- ACTIVITY:
Please reproduce, exactly and in full, the lines from the one containing "Green in color" to the end of the material below.

- SOURCE DATA:
┏━━

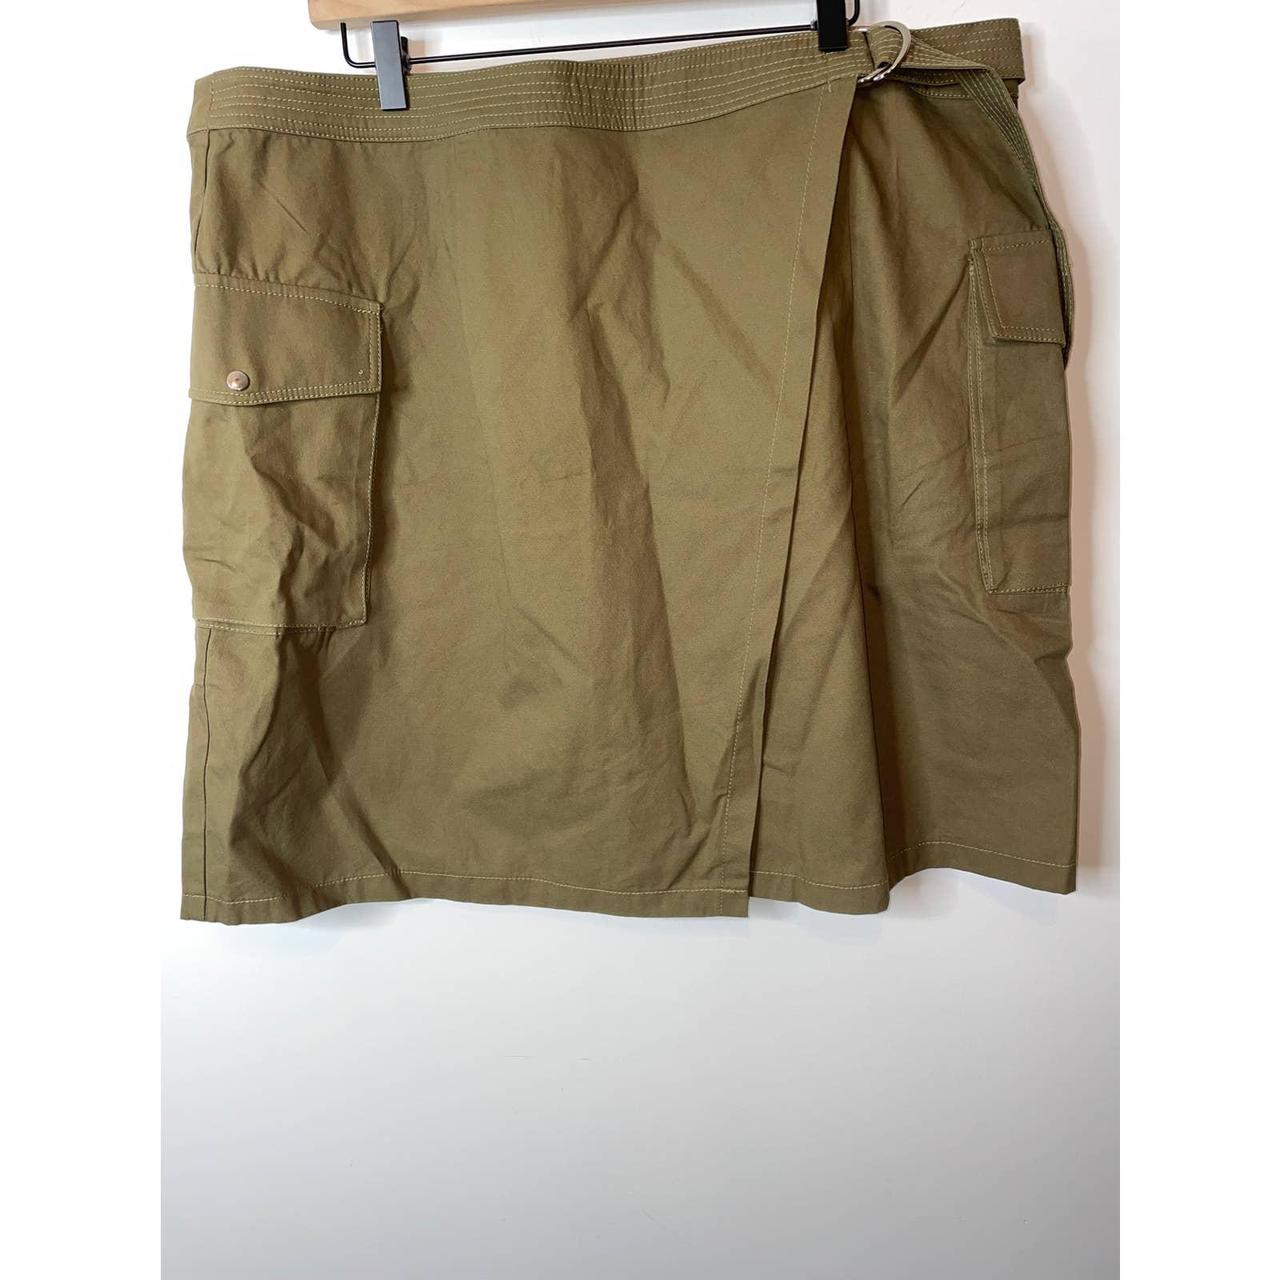 Product Image 3 - City Chic
Khaki
Green in color
High waisted
Pockets
Belted
Above

┗━━

- EXERCISE RESULT:
Green in color
High waisted
Pockets
Belted
Above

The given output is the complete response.